いずれも病院での説明をよく聞き、正しく使用してください。
子宮脱になりやすい人
子宮脱になりやすいのは、
- 妊娠、出産を経験したことがある人
- または、60歳以上の方
だそうです。
出産をすると上で述べた通り、子宮の大きさや重さがかなり大幅に変化します。
その分、子宮を支えていた靭帯に負荷がかかったため、まるで伸びきったゴムのように支える力が弱まってしまうのも頷けます。
子宮脱は、何か病気がある、原因があるということではなく、極めて安産で何の問題もなかった人もなってしまう病気だそうです。
出産後のケアが大切になるようですよ。
子宮脱にならないために
いくら老化が原因で、誰にでも起こり得る病気だとしても、出来るだけ子宮脱にはならないようにしたいですよね。
では、子宮脱を防ぐにはどうしたらよいのでしょうか。
骨盤底筋群を鍛える
子宮脱を防ぐには、子宮を支える「骨盤底筋群(こつばんていきんぐん)」を鍛える必要があります。
そもそも骨盤底筋群とは一体どこ? と思いますよね。
ずばり、おしっこを止める時に使う筋肉です。
これは骨盤底筋をしめる感覚を掴むには一番わかりやすい方法ですが、膀胱炎になるリスクも高まるので、やりすぎは厳禁です。
日常的なトレーニングをする場合は、
椅子に座った状態や立った状態で姿勢を正し、肛門と膣をしめ、5秒間キープ×10回!
を試してみてください。
便秘を防ぐ
また子宮脱を防ぐには便秘の解消も欠かせません。
便秘になるとお腹に力を込めていきむのが習慣化してしまい、子宮や他の臓器が一緒に出てしまうリスクが高まるそうです。
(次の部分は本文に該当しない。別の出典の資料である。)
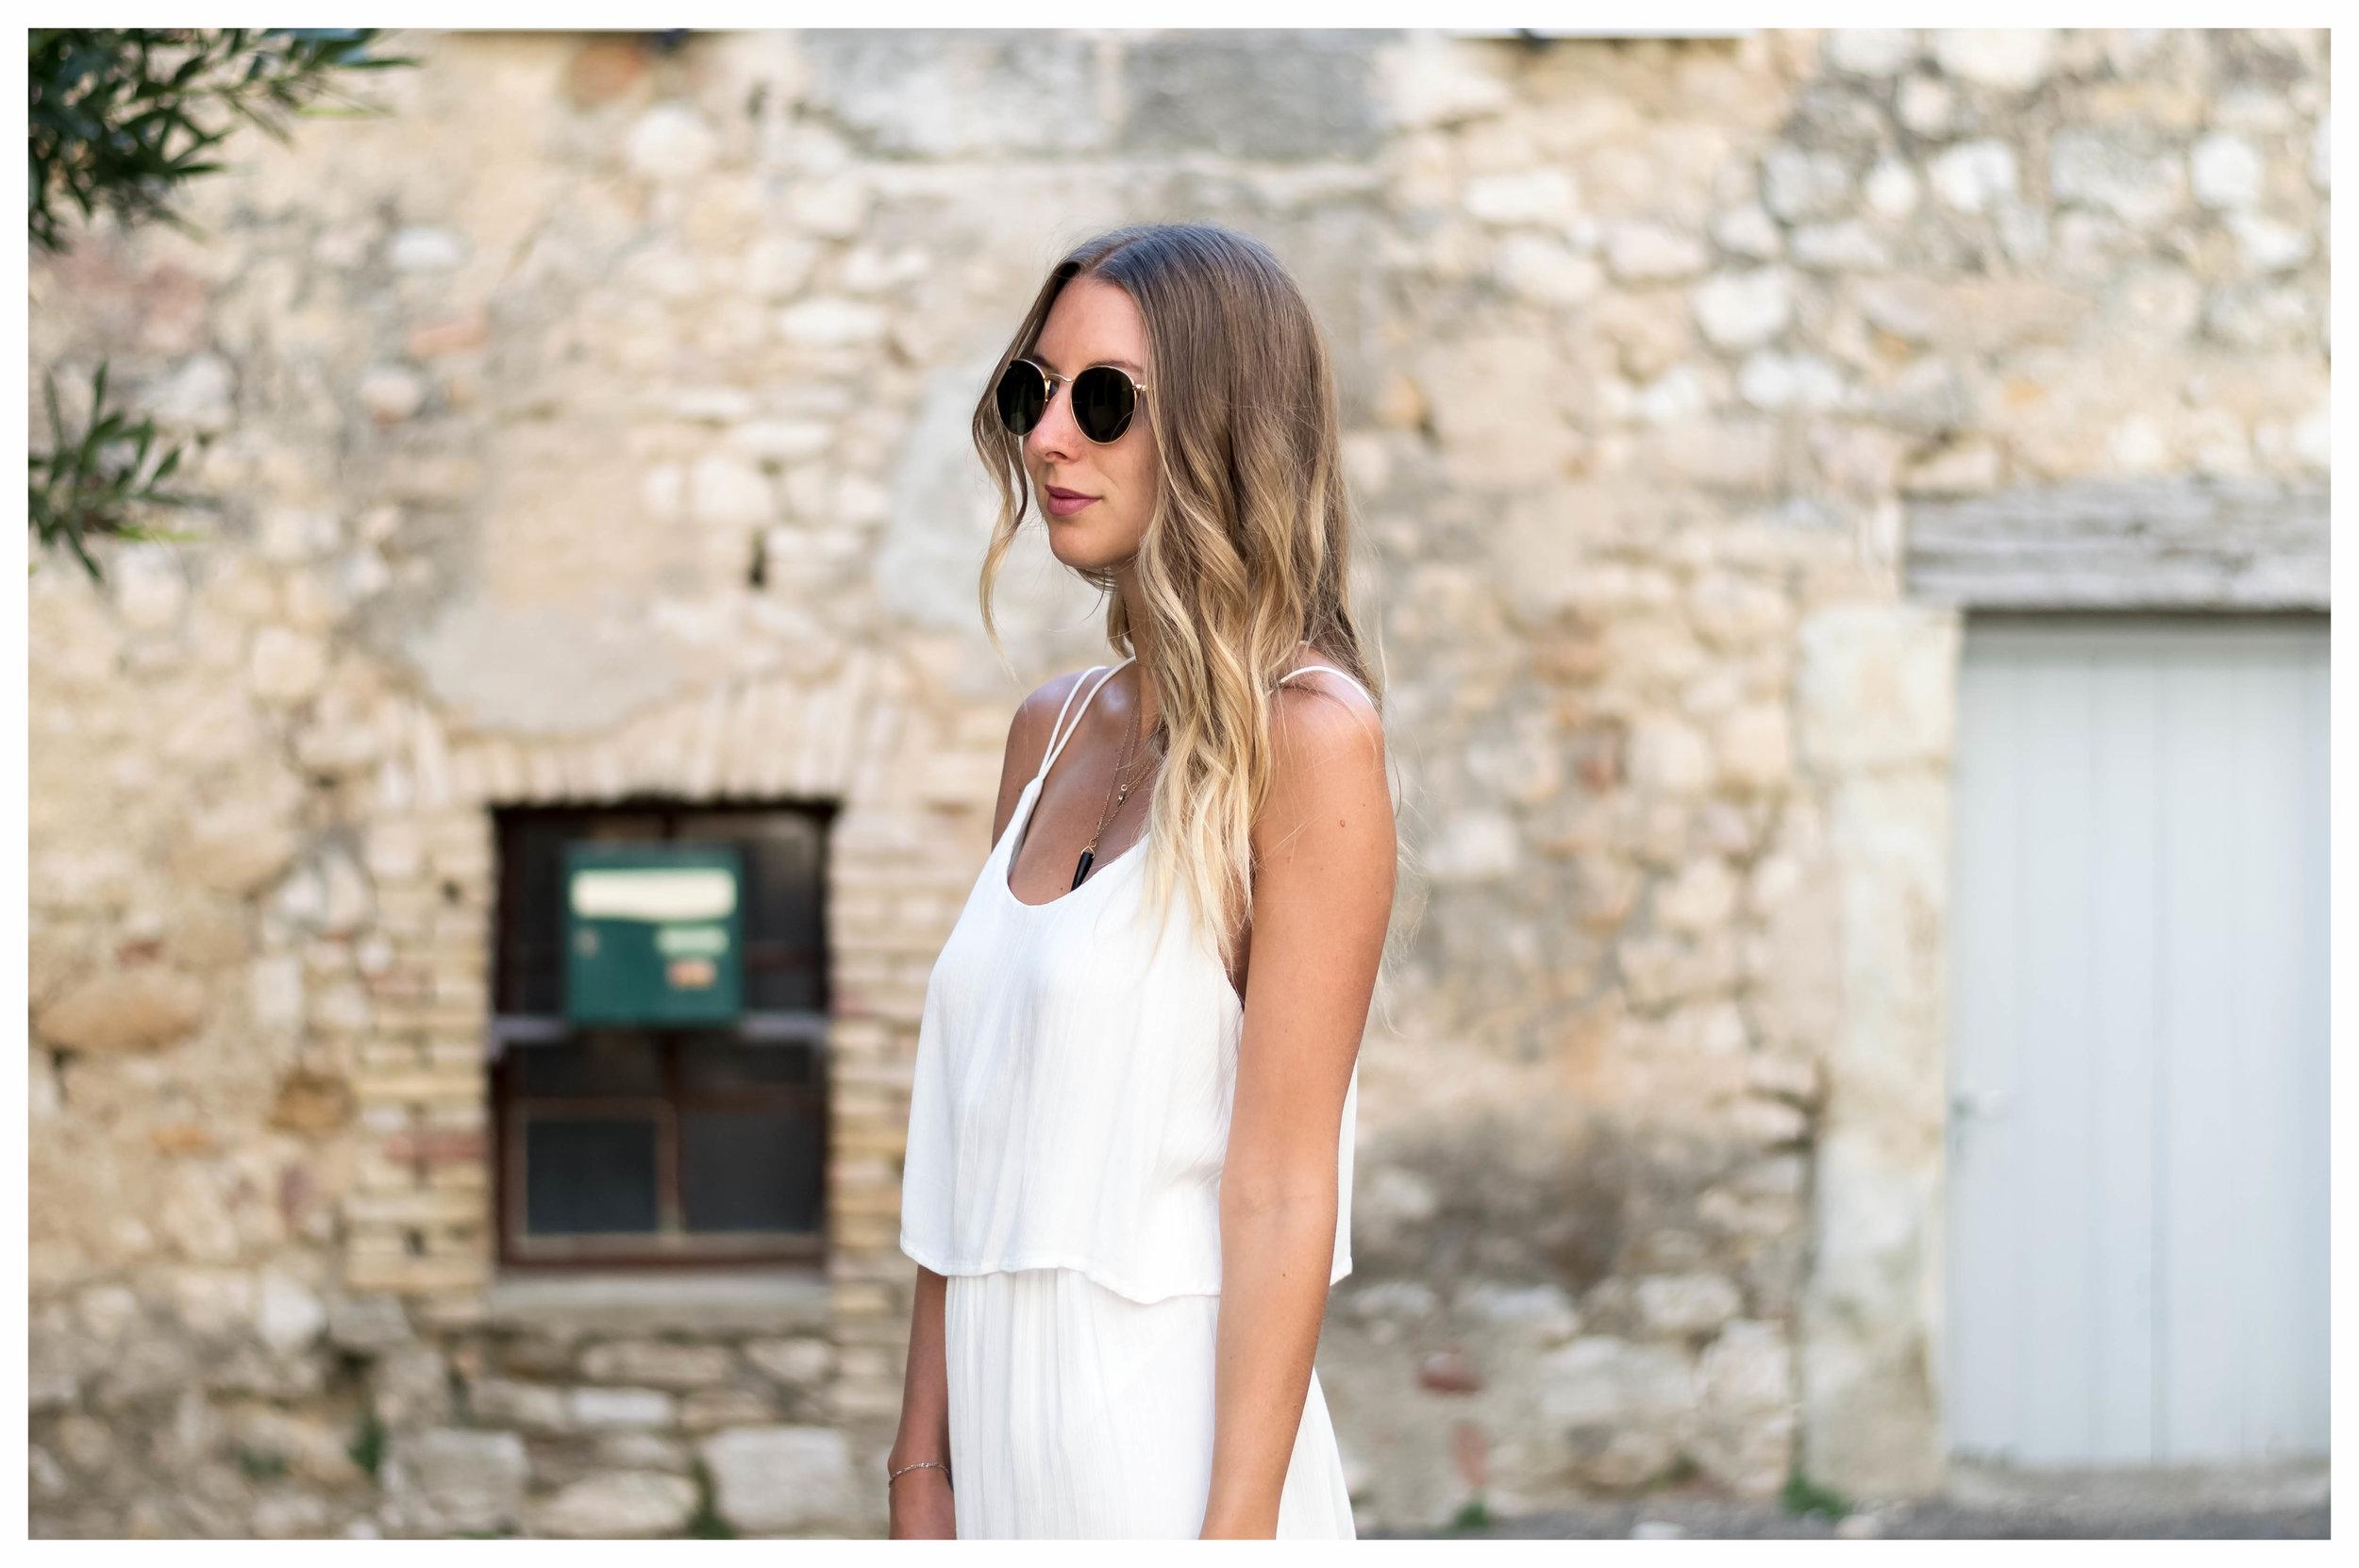 White Dress - OSIARAH.COM (1 sur 16).jpg
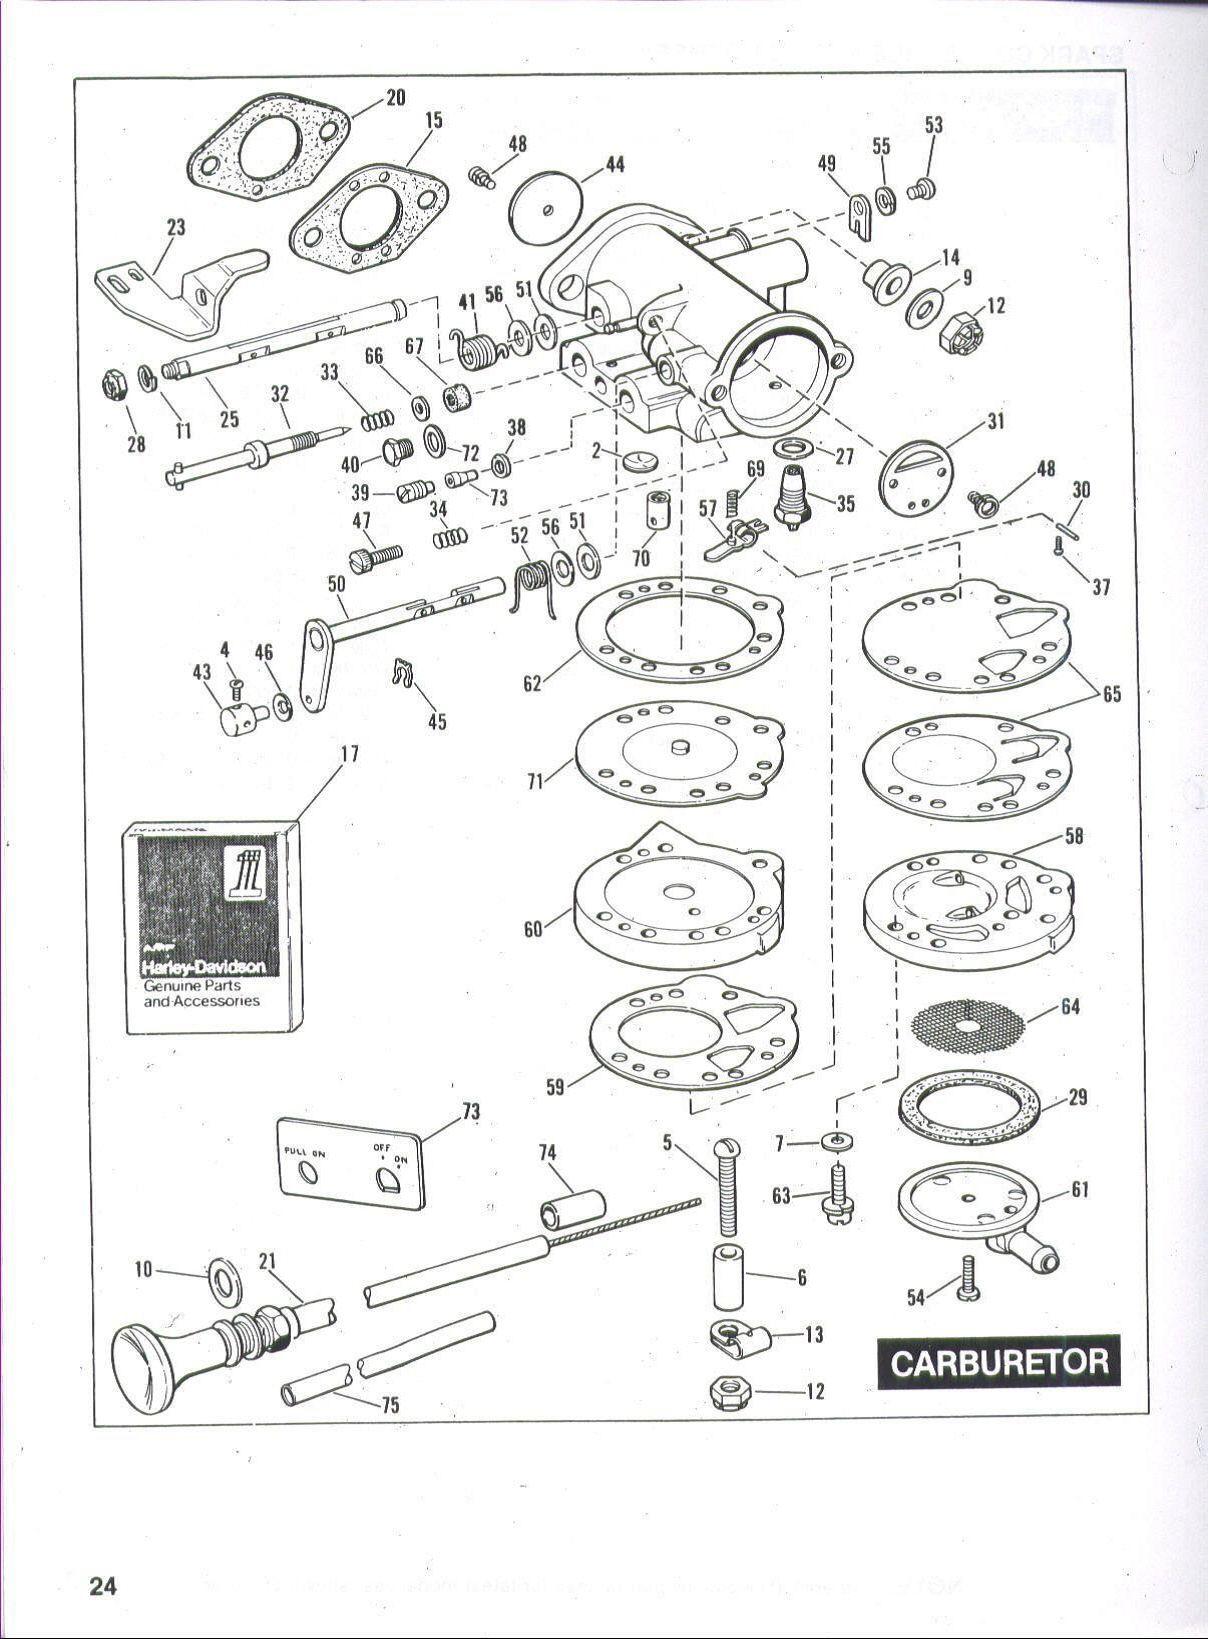 1982 columbia golf cart wiring diagram

普段から食物繊維や乳製品を取るように心掛け、便秘の予防に努めましょう。
まとめ
以上、今回は生理が近づくと子宮の位置が下がる症状について、ご紹介してきました。
生理は毎月のこと。
毎月の自分の身体の変化について知っておくと安心ですよね。
以下、今回の記事のまとめですので、ぜひおさらいしてみてください!
- 生理前・生理中は子宮が膣の入り口に近づく。
- 生理後、妊娠中は子宮が上がる。
- 正常値を越えて子宮が下がる病気を子宮下垂、子宮が膣から出てしまう病気を子宮脱と言う。
- 子宮脱にならないためには、骨盤底筋を鍛えることが大切。